2.Instant Vectors -single sample value
instant vector select a set of time-series and in single sample value, for any-timestamp
you only use the metric name, you are not using range
if you want to filter the metrics, can use the key value pair, or labels
eg. auth_api_hit 5,
becz you get only 1 value that is why its called instant vector
if you use some filter
auth_api_hit {count=1,time_taken=800}
so value you will get 1
3. Range vector []
Another data type is Range vector
Range vector is similar to instant vectors except they select a range of sample
label_name[time_spec]
auth_api_hit[5m] - means you are saying 5min before now
one metrics have mutiple value thats why its vector -
in vector 2 things matters, 1 [] time you mention and scrap interval time that is mentioned in prometheus.yml
Operators
+ Addition
- Subtraction
* Multiplication
/ Divison
% Modulo
^ Power
Scalar + Instant vector
Applies to value of instant vector
eg we check prometheus metrics
prometheus_sd_updates_total
all value go up by 5, if you - all value go minus by 5
Instant Vector + Instant vector
Applies to every value of left vector and its matching value in the right vector
instant vector +5
instant vector + instant vector
Comparison Binary Operators
== Equal
!= Non-equal
> Greater
< Less-than
>= Greater or Equal
<= Less-than or Equal
Filter Matchers/Selectors
<metric name> {filter_key=value, filter_key=value,...}
query in Prometheus very similar to metrics
filters are a setup of labels,
every labels is key value pair and they are separated by a comma,
and each comma, represent as and
= Two values must be equal
!= Two values must NOT be equal
=~ Value on left must match the Regular Expression (regex) on right [this is for text and string matching]

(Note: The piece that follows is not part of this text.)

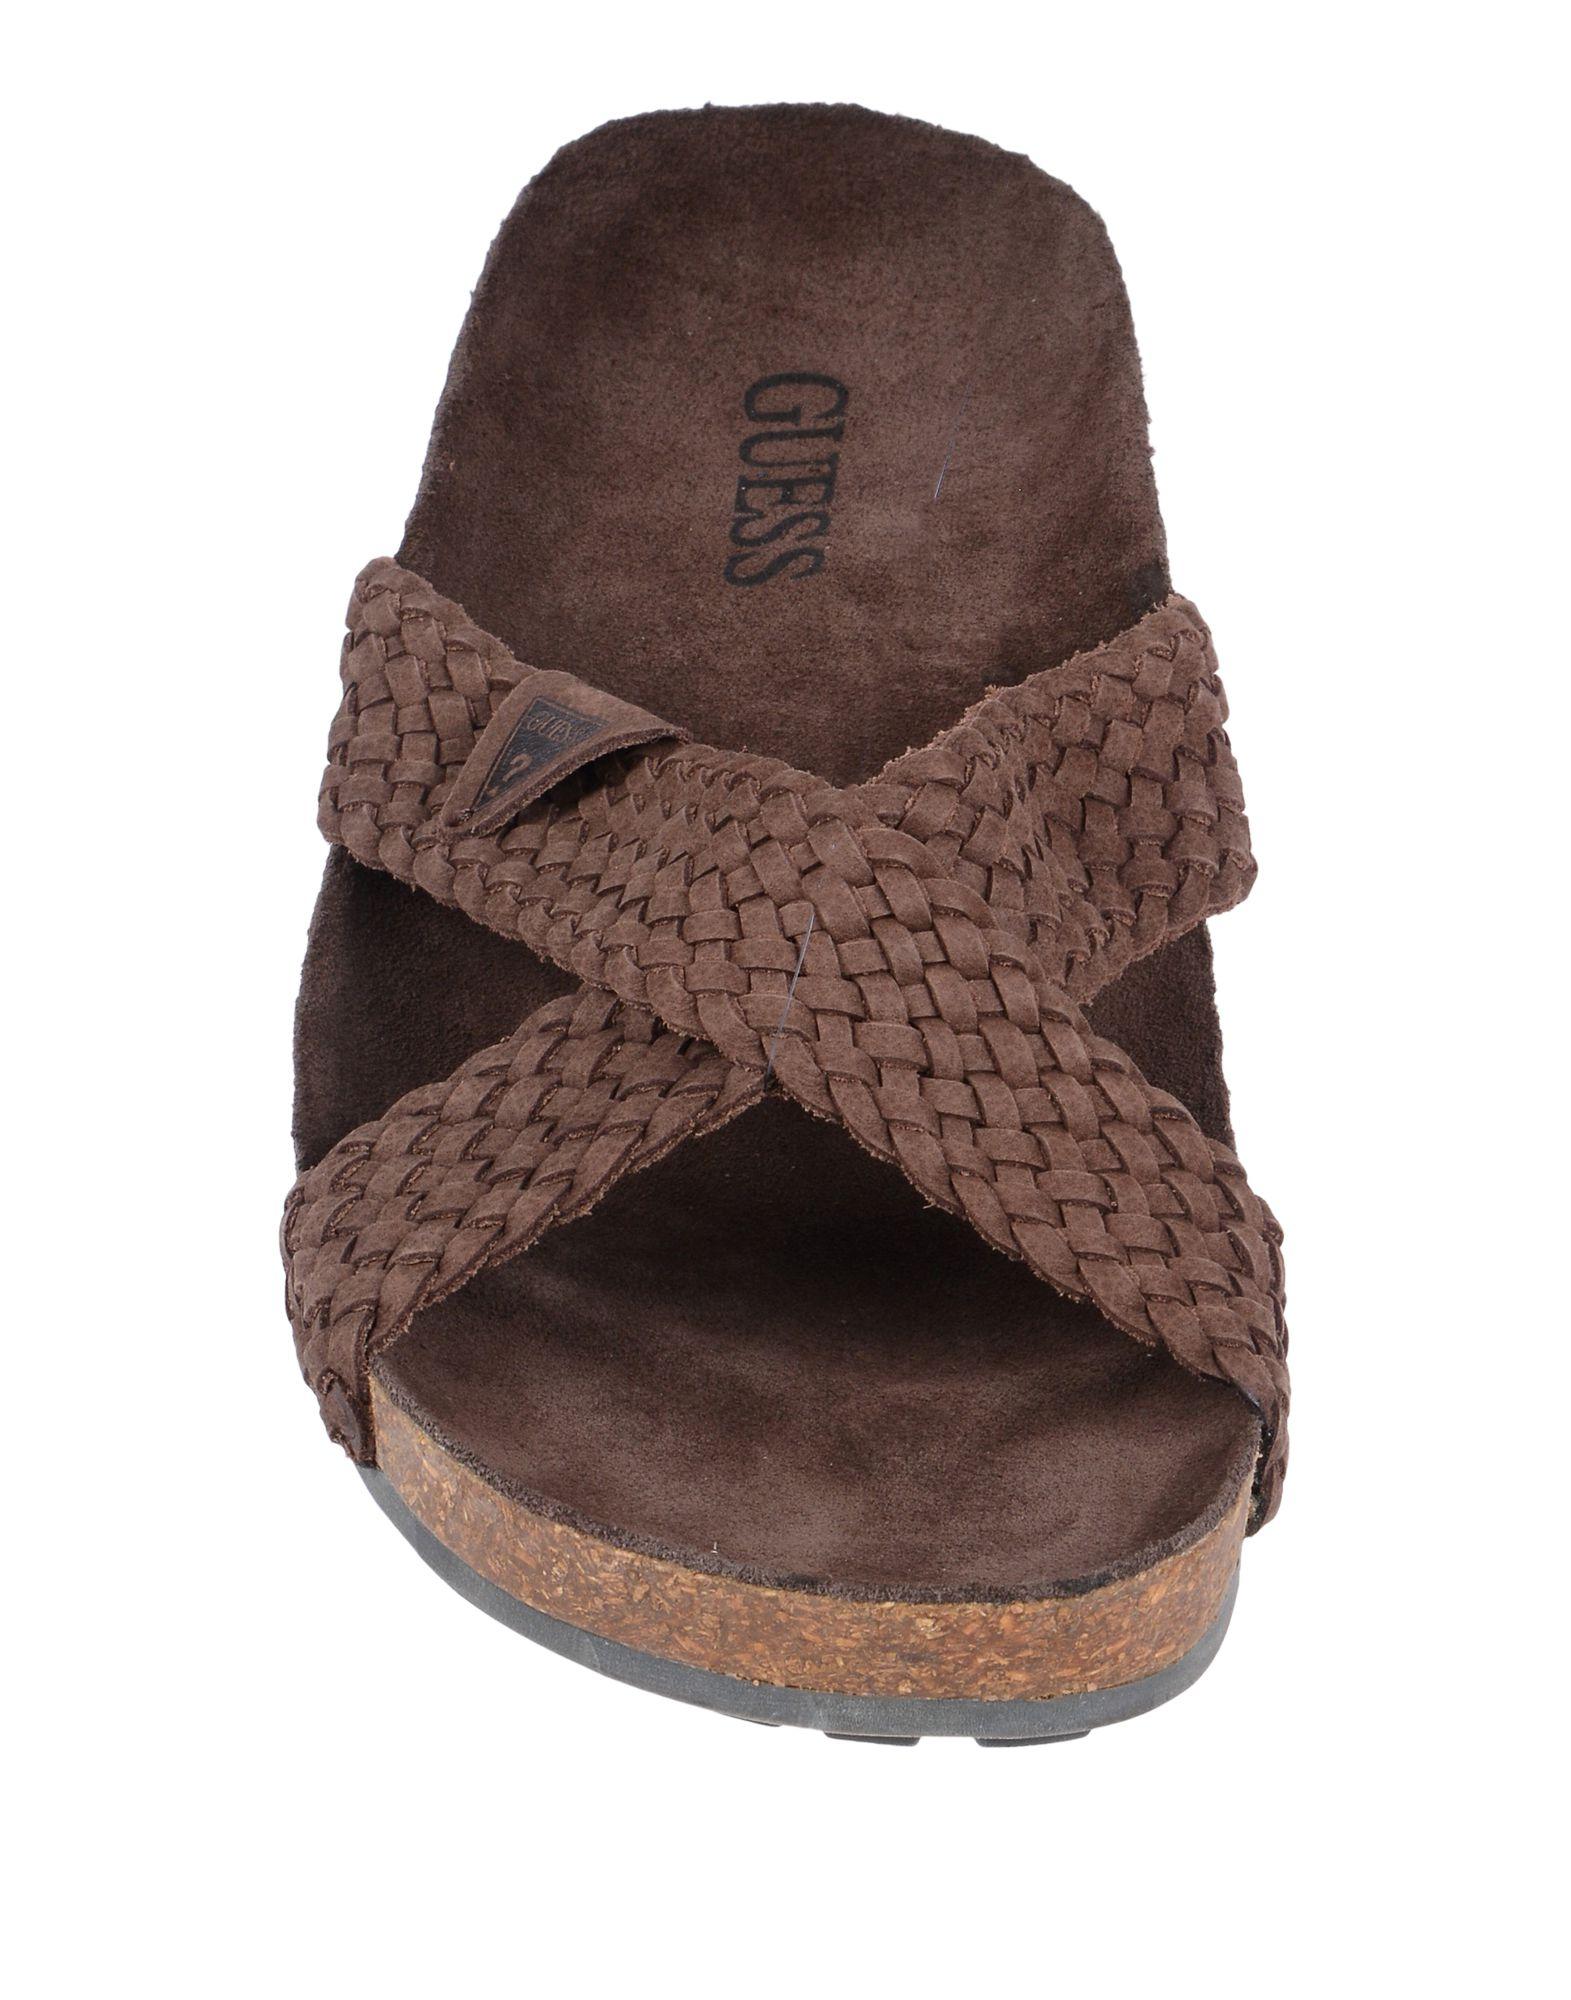 imagine que les sandales - hommes suppose que imagine les sandales en ligne le royaume - uni - 11523363tb 7ad6f7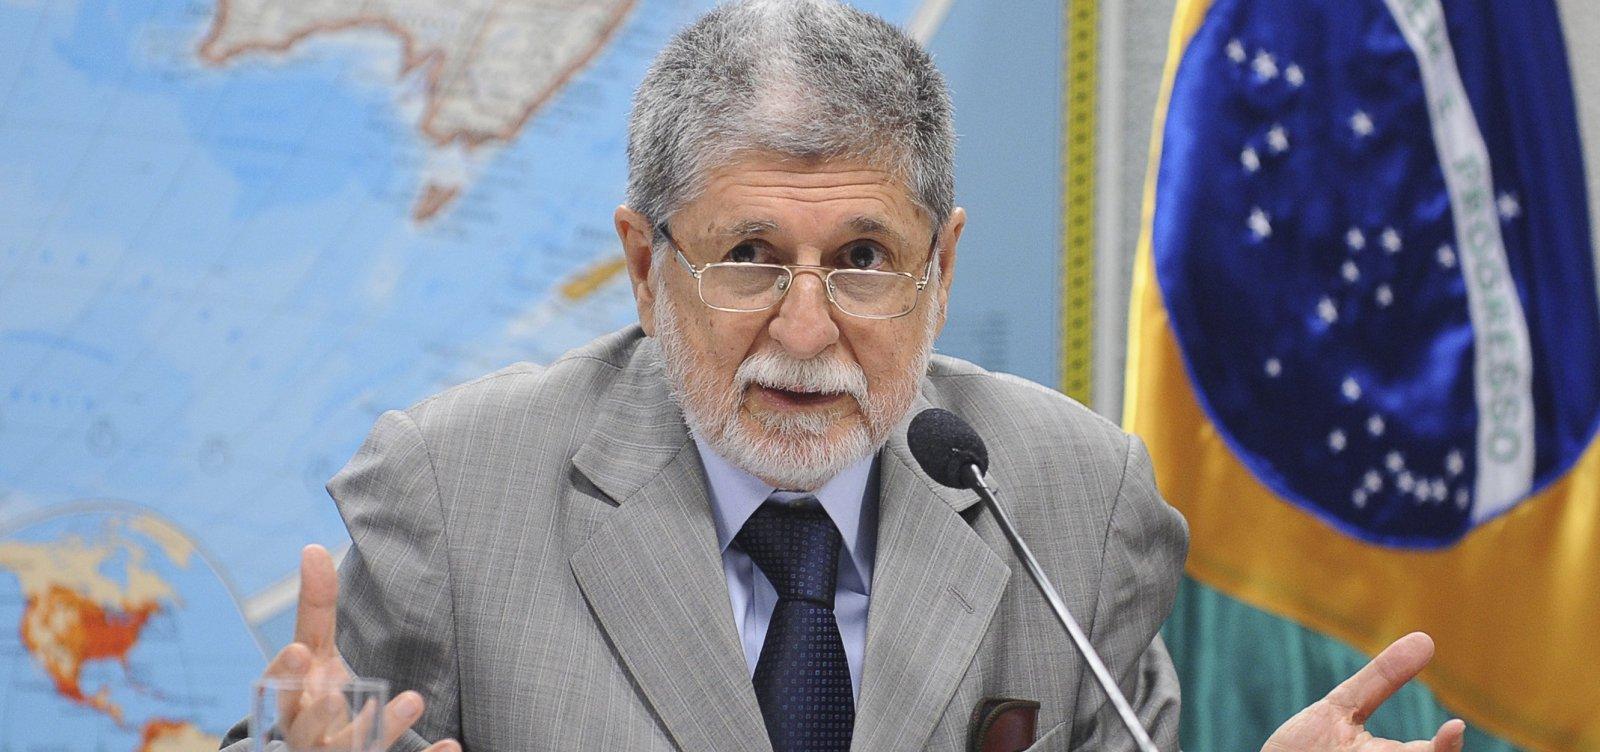 Ex-chanceler Celso Amorim diz que Brasil quer fazer um 'Brexit' no Mercosul

!~ Value on left must NOT match the Regular Expression (regex) on right
Aggregation Operators.
Aggregate the elements of a single Instant Vector
The result is a new Instant Vector with aggregated values
sum Calculated sum over dimensions.
min Selects minimum over dimensions.
max Selects maximum over dimensions.
avg Selects average over dimensions.
count Selects number of elements over dimensions.
groups Groups elements. All values in resulting vector are equal to 1
count_values Counts the number of elements with the same values
topk Largest elements by sample value
bottmk smallest elements by sample value
stddev Finds population standard deviation over dimensions
stdvar FInds population standard variation over dimensions

syntax for <Aggregation Operator> (<Instant Vector)
sum(node_cpu_total)
<Aggregation Operator> (<Instant Vector) by (<label list>)
sum(node_cpu_total) by (http_code)
<Aggregation Operator> (<Instant Vector>) without (<label list>)
sum(node_cpu_total) without (http_code)
offset - eg 5 min ago
eg
prometheus_http_requests_total offset 5m
but if we want to check 5 min ago data mention offset 5m
in case if we do it with a range vector
prometheus_http_requests_total[5m]
it will give a error
so in case if we do group by, the value always 1
group(prometheus_http_requests_total) by (code)
but if do in case avg/sum by the value will come accordingly
avg(prometheus_http_requests_total) by (code)
if we apply offset after by will it work?
avg(prometheus_http_requests_total) by (code) offset 5m X
no it doesnot work offset will work only after metric
e.g
avg(prometheus_http_request_total offset 5h) by (code)
Functions
absents(<Instant Vector>) Checks if an instant vector has any members
Returns an empty vector if parameter has elements
absent(node_cpu_seconds_total{cpu="x09d"})
(cpu="x09d")
another eg -it will give error, becz it can not except range vector
absent(node_cpu_seconds_total[1h])
absent_over_time(<range Vector>) Check if an range vector has any members Returns an empty vector if parameter has elements
absent_over_time(node_cpu_seconds_total{cpu="xrft"}[1h])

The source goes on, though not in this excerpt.